My metric to judge models will be the correlation coefficient between the predicted variable and observed variable (which I'm using because someone from NASA on the last phone call mentioned this). This PR will not optimize for this metric, but it play some role.

TODO:

We also need to decide if we need an embedding framework, and what variables to feed in. I think that'll be a work of a separate PR.

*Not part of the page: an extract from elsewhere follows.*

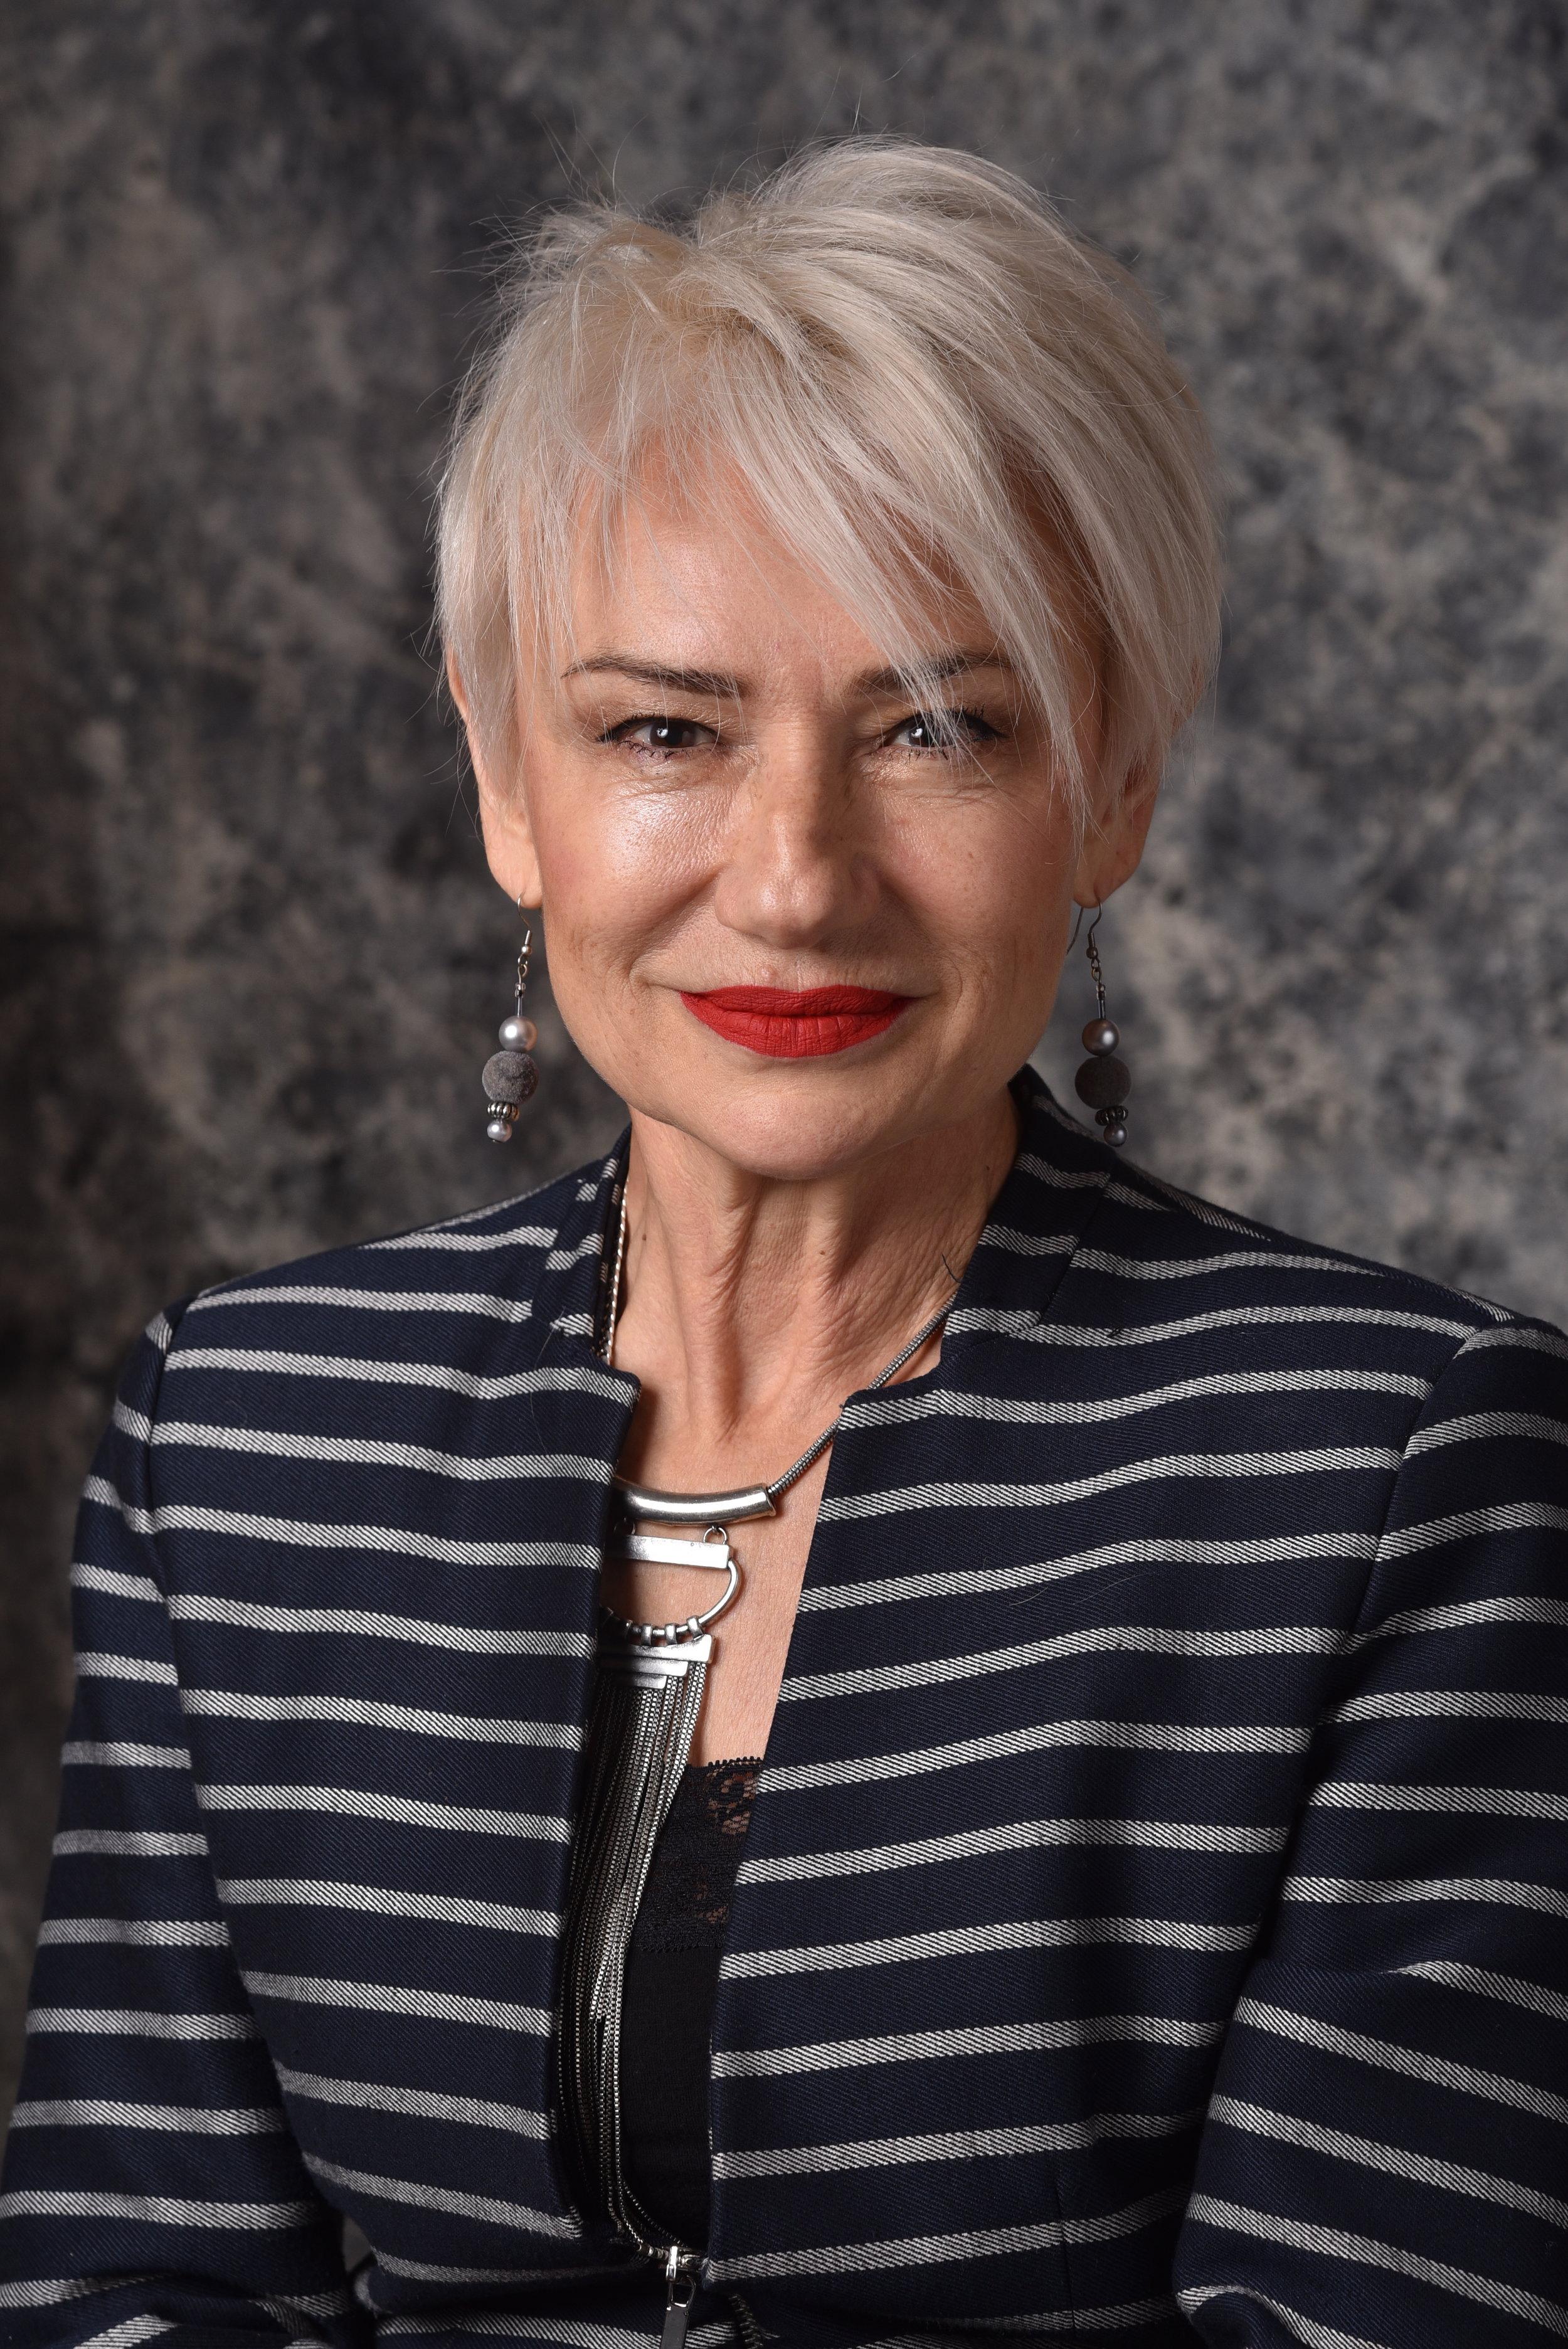 DR. NATALIA TRAYANOVA

stsievert commented 6 years ago

I think this PR is ready for merge. I have added

  1. time partitioning
    • This tries to predict each time_partition of the test dataset independently, and time_partition can be months, seasons or years. The notebook will use every other site to predict the unseen stations carbon flux for (say) April.
  2. selecting points which points to train on for each time partition
    • This a boolean flag passed to fit_and_predict. Currently if true, this notebook will find the closest points to the points we're trying to predict. Currently, this is done in the raw feature space, not an embedding space.

When this notebook is run by default, this is the histogram of correlation coefficients:

screen shot 2018-08-29 at 12 34 31 pm

The red line is at the mean of the correlation coefficients, 0.3927. Future work is to improve this now that the basic framework is in place.